C’est moi qui fus le tronc de la mauvaise plante
qui se répand si loin en terre des chrétiens,
qu’on n’y peut presque plus recueillir de beaux fruits.

Pourtant, si ceux de Gand, Lille, Bruges et Douai
le pouvaient, tout de suite ils en prendraient vengeance :
c’est ce que je demande à Dieu qui juge tout.

Le monde m’a connu comme Hugues Capet ;
et de moi sont issus les Louis, les Philippe
qui régnèrent en France pendant ces temps derniers.

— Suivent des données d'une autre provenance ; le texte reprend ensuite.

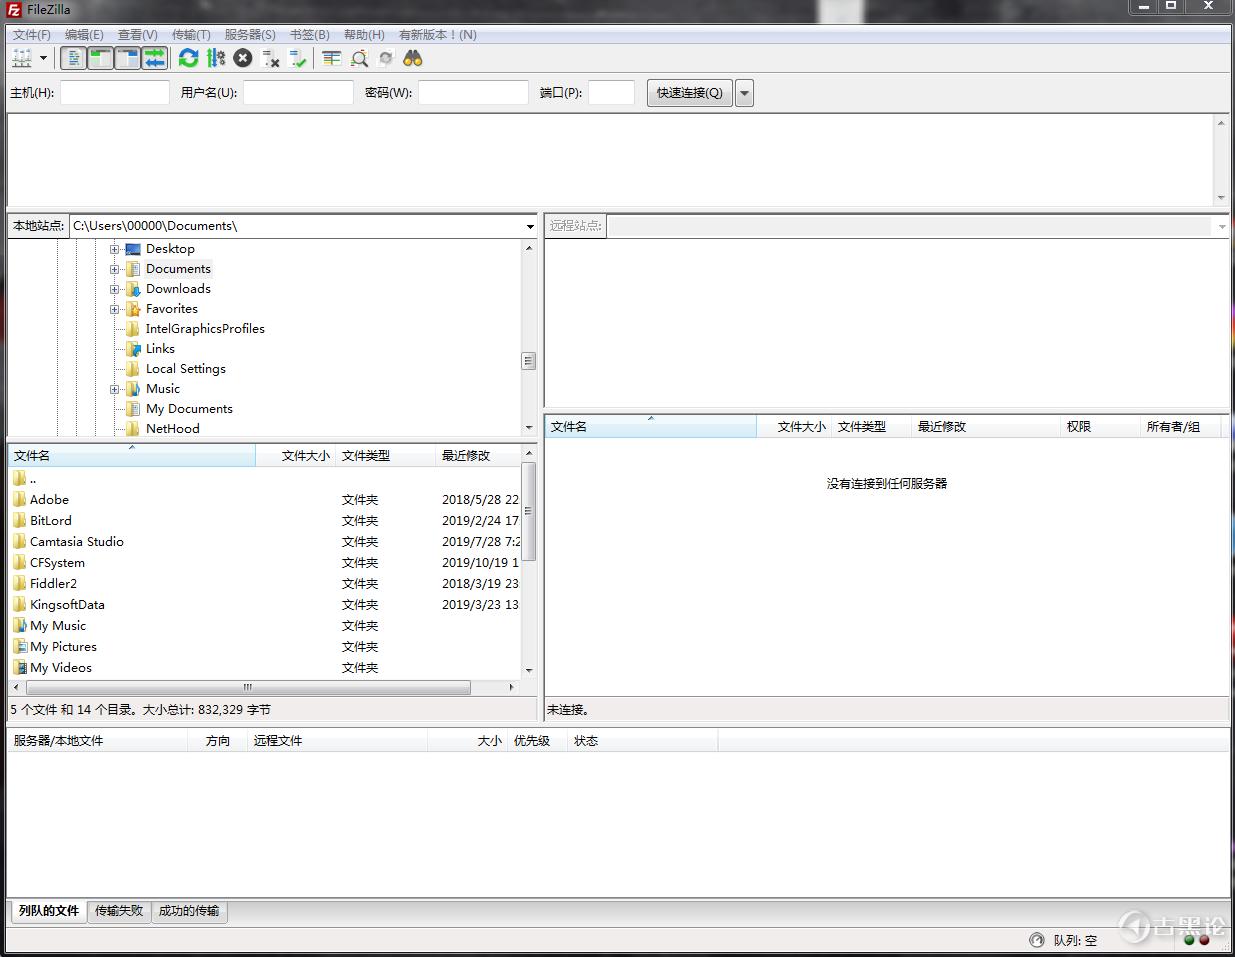 开源免费的 FTP 软件——FileZilla 免费ftp软件-FileZilla.png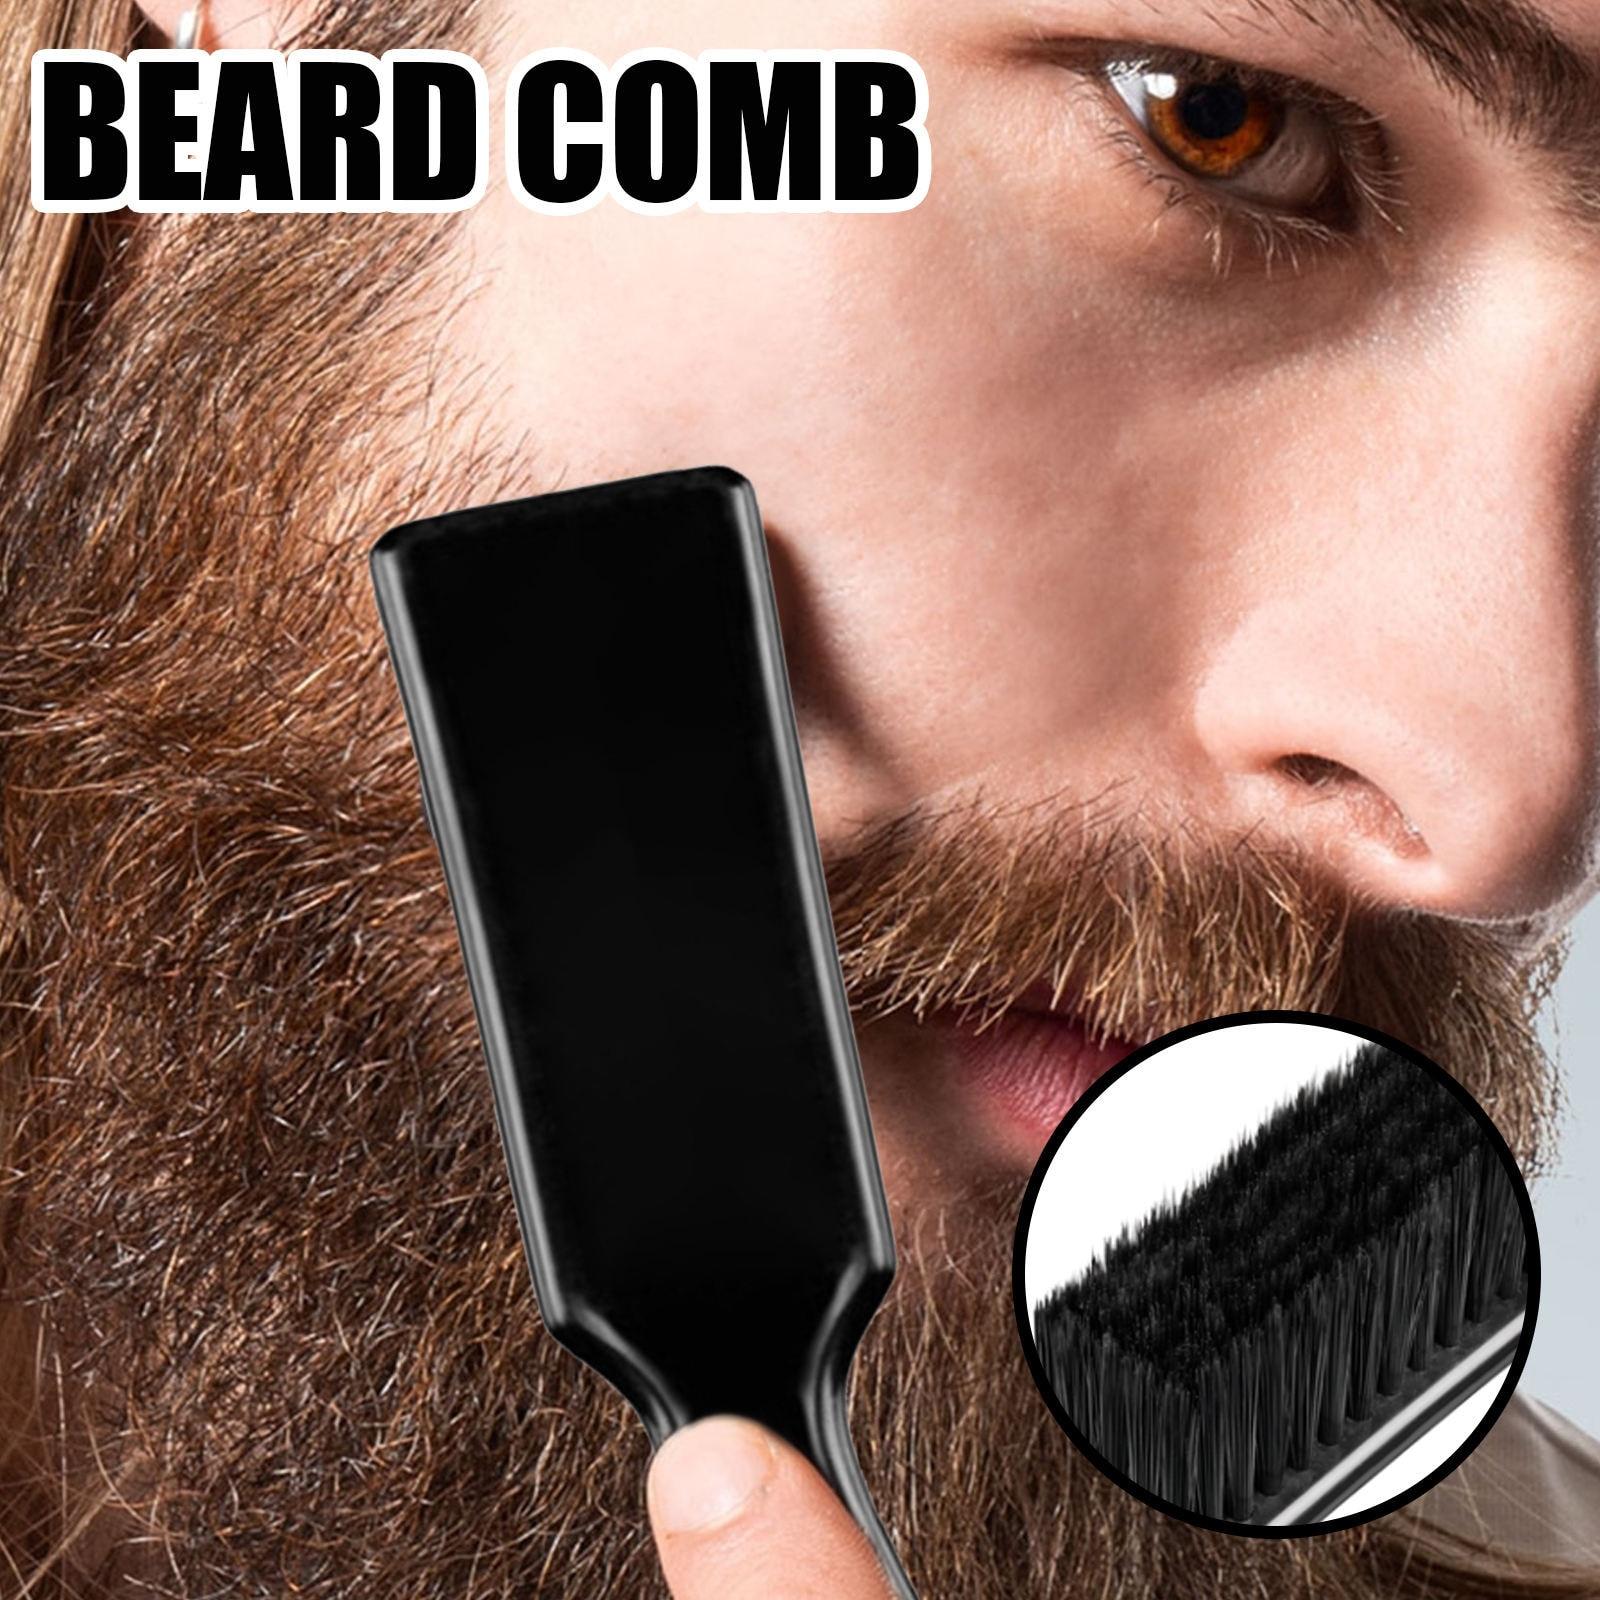 Men Facial Beard Cleaning Face Massager Appliance Mustache Trimming Salon Tool

J’avais été le fils d’un boucher de Paris (212) ;
lorsque des rois anciens la race fut éteinte,
et que le tout dernier fut réduit à la bure (213),

je me suis vu soudain tenant en main le frein
qui régit le royaume ; et ce nouvel acquêt
me rendit si puissant et bien pourvu d’amis,

que la couronne veuve à la fin fut posée
sur le front de mon fils (214), qui fut ainsi le tronc
du lignage sacré de tous ceux d’aujourd’hui.

Jusqu’à la grande dot du pays de Provence (215),
où ma race a perdu tout reste de pudeur,
elle valait bien peu, mais ne fit point de mal.

C’est là qu’ont commencé, par la force et la fraude,
ses pillages premiers ; et puis, pieusement,
elle rafla Ponthieu, Gascogne et Normandie (216).

Charles en Italie, aussi pieusement,
supprima Corradin (217) ; à la suite de quoi
il envoya Thomas au Ciel, pieusement (218).

Je vois venir le temps, qui ne tardera guère
et qui fera sortir de France un autre Charles,
qui fera mieux connaître et lui-même et les siens (219).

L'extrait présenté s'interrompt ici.